Technically Speaking
Eileen Shaver Tuttle '86 had a lot to offer students when she came to campus recently to participate in a Career Development Center panel entitled "Women in Business." She has two jobs, two kids, and a thousand ideas. To keep herself really busy, she's also the president of the Convention and Visitors Bureau in her home of Marysville, Ohio.
When Karen Sheffield, assistant director of the College's Career Development Center, considered who should sit on the panel, Tuttle was an easy choice. "She's got true entrepreneurial spirit," says Sheffield. "Plus, she's a great communicator."
Tuttle works full-time as a marketing and communications manager with the Union Rural Electric Cooperative. And she and husband, Frank, started their own business called Digital Xesto. Frank, a high-school teacher who graduated from Kenyon in 1988, came up with the idea for the business when he was coaching soccer and swimming. He started creating video highlight reels of his athletes for fun. The videos proved so popular with players and parents that he starting thinking about making videos for other sports teams, corporations, and foundations.

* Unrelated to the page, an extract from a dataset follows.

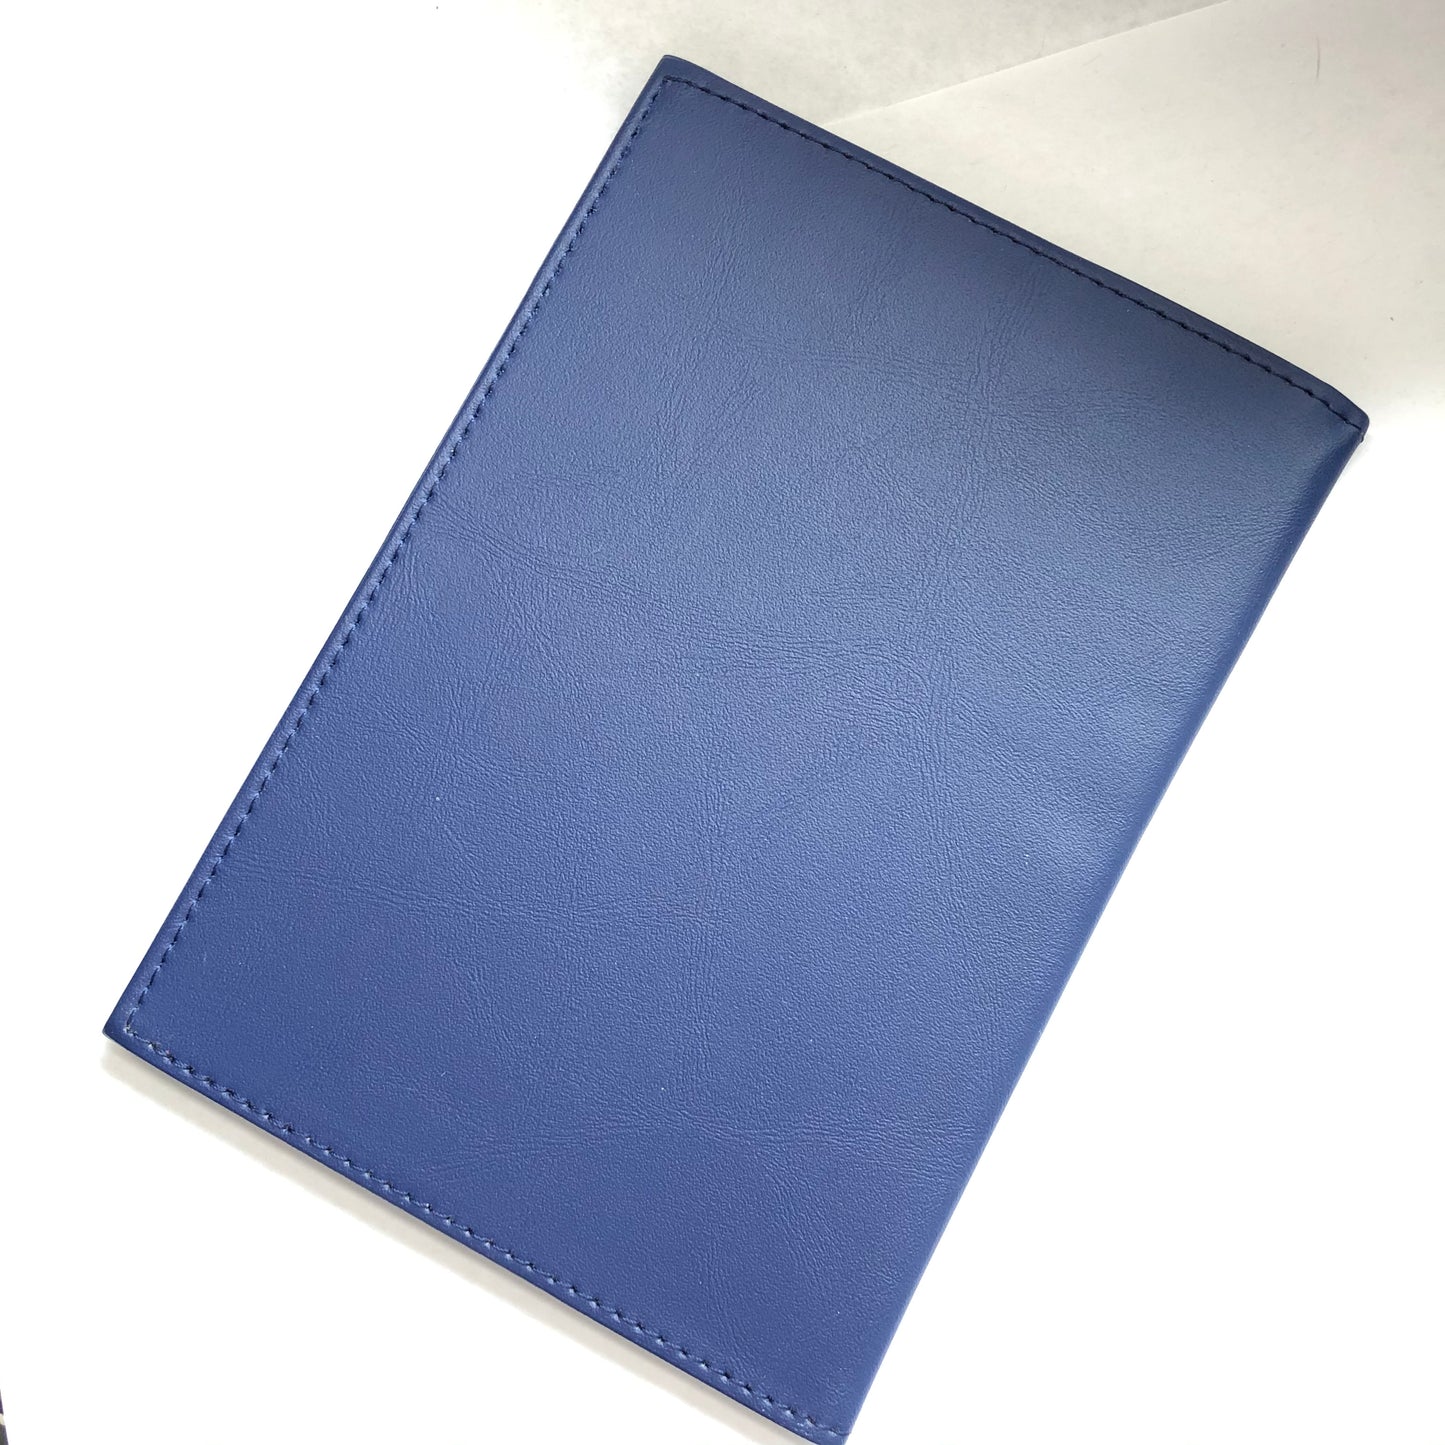 CHOPARD Blue Faux Leather Documents Folder 4.75 x 6.75 inches

Around the time the Tuttles began thinking about the new business, Eileen was laid off from her old job at a real estate development firm. Today, she considers that a lucky break because it led to her current job at the electric cooperative and her work as comptroller at Digital Xesto.
"Frank and I sort of have the best of both worlds right now," she says. "He's in education, I'm in utilities, and those are two pretty safe areas. At the same time, we have the creative outlet of our own business." Digital Xesto, based in the Tuttle's home, has all of the latest digital video technology. Eileen writes the scripts. She and Frank share the camera and editing work.
Tuttle's ability to combine expertise in technology with writing began at Kenyon. When Eileen was a senior, her sister, Julia '89, was a first-year student. Among the items Julia brought with her to campus was a computer, still a somewhat exotic appliance in those days. Tuttle's father had been working as a computer programmer for the U.S. Army since the days of punch cards. But unlike her father and sister, Tuttle had always resisted technology.
"Then I started using that computer to write papers and the light went on," she says. "The way you could just move text around let me learn how to write. I was hooked. It didn't take her long to realize she had a knack for technology."
Tuttle grew up in the Washington, D.C., area, but has become an Ohioan. She lives in Marysville and loves the place so much she became president of the local Convention and Visitors Bureau. "I really think Kenyon gave me a predisposition for small town living," she says.